Doğa’nın Yıldızı Yıldızkoy
Bir dönem imara açılması ve yapılaşmaya açılması ile gündeme gelen ve büyük tepkiler sonrasında kararın geri çekilmesi ile gündeme gelen  Yıldızkoy’a şimdilik dokunulamadı. Rüzgarın ve dalgaların aşındırdığı kayaların sanat eserine dönüştürdüğü koyda yüzmek ve denizin tadını çıkarmak çok güzel. Ayrıca Kamp alanlarının da yer aldığı Koyda vatandaşlar deniz, kum, güneş ve gün batımının tadını çıkarıyor. Sadece yetişkinlerin değil çocukların da denizine ve manzarasına hayran kaldığı Yıldızkoy, ziyaretçilere huzur veriyor.
Poseidonun Manzarası
Çok eski yıllardan beri adanın dünyayla bağlantısını sağlayan Kaleköy Limanının tepesinde kurulan Kaleköy, adeta adaya hakimlik sağlıyor. Denizlerin Tanrısı Poseidon heykelinin de bulunduğu Kaleköy, bir yandan ada manzarasına bakarken bir yandan da Ege Denizi ve Semadirek manzarasına bakıyor. İki manzaranın bir arada olduğu Kaleköy, ziyaretçilerin en çok uğradığı yerlerden bir tanesi. Adanın en eski yerleşim alanlarından biri olan Kaleköy, aynı zamanda eskiden adaya girişi sağlayan Kaleköy Limanına da sahip.
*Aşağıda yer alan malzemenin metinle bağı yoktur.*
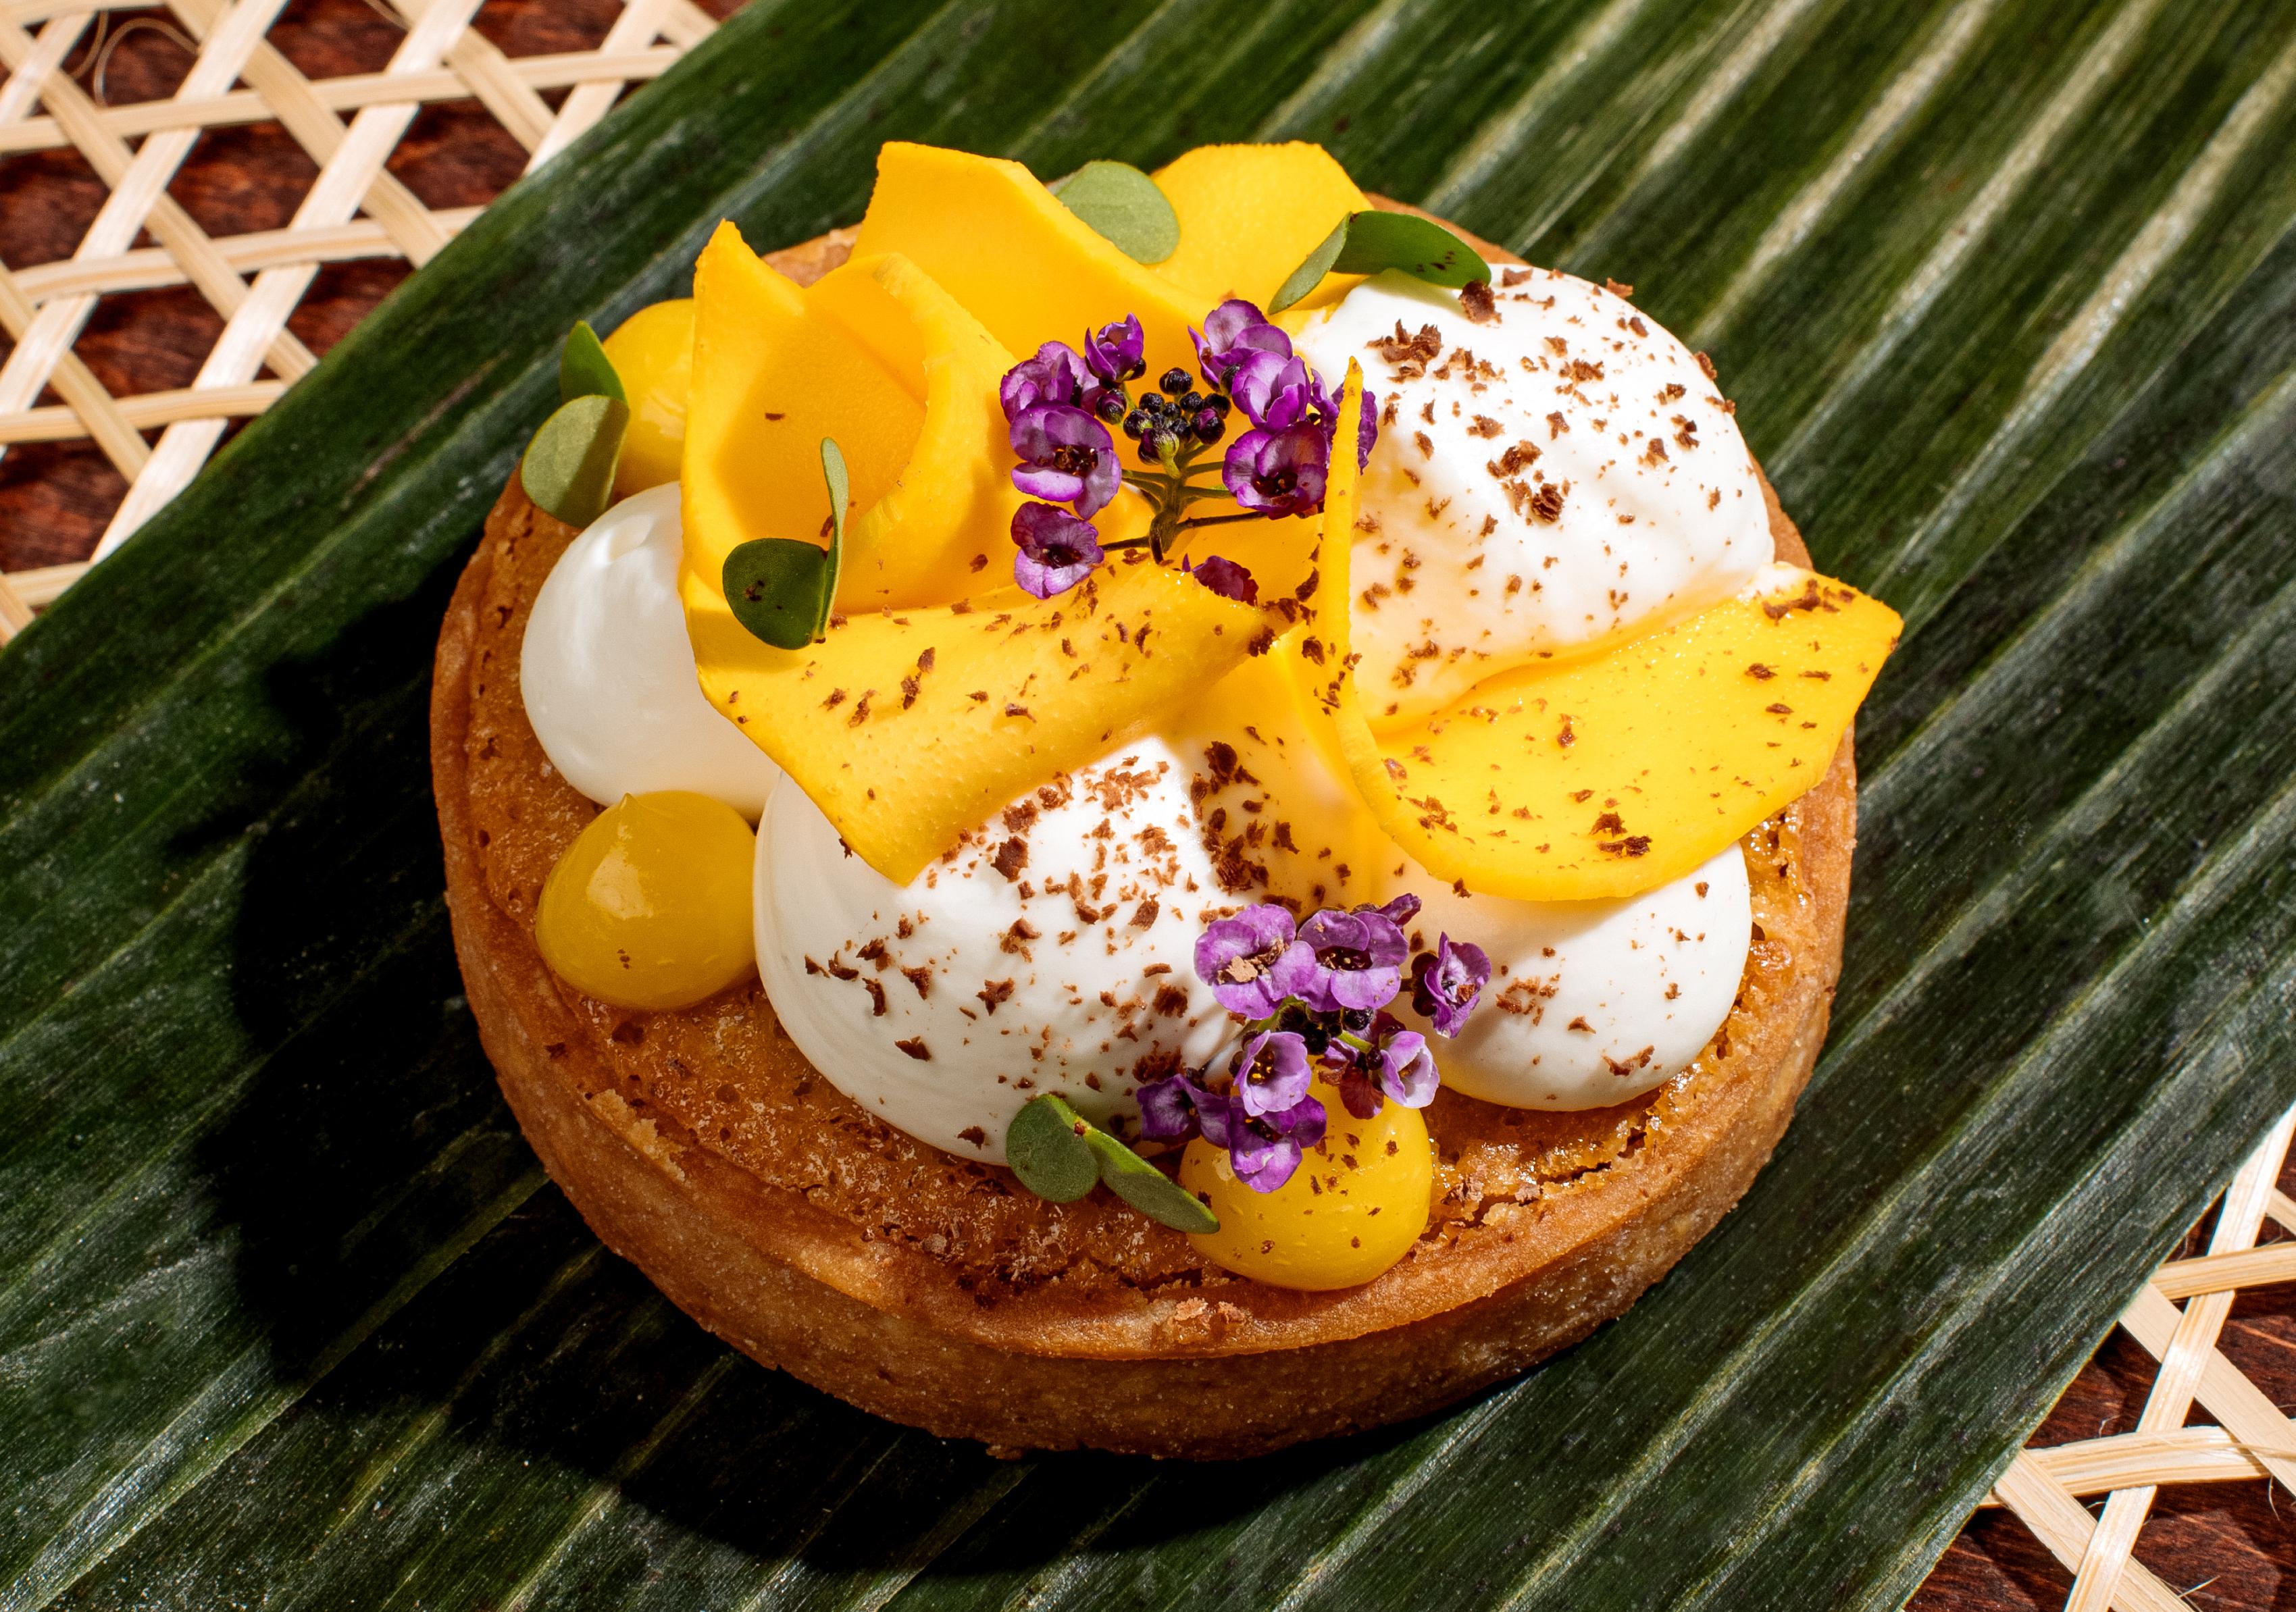 Dessert at Abaca

Kuzu Limanı kurulduğundan beri burası ulaşım için kullanılmasa da vatandaşlar burada doğanın ve denizin tadını çıkarıyor. Kaleköy Limanında bir zamanlar Gökçeada'nın Metropolitan Kilisesi olan Aya Marina Kilisesi  de yer alıyor.
Tuz Gölü, Gökçeada’nın gözde köşelerinden Aydıncık sahilinin yanı başında bulunuyor. Burası Gökçeada ilçe merkezine 13 km uzaklıkta. Özellikle yaz aylarında rağbet gören, suyunun buharlaşması sonucu ortaya çıkan tuz tabakasıyla dikkat çeken, doğal göl adeta çamur banyosuna dönüşüyor. Binlerce kişinin ziyaret ettiği göl Kıyısında bulunan kükürtlü çamurun, romatizma, sedef, kireçlenme gibi hastalıklara iyi geldiğine inanılıyor. Bu hastalıkların yanı sıra cildini dinçleştirmek isteyen vatandaşlar da gölde adeta çamur banyosu yapıyor.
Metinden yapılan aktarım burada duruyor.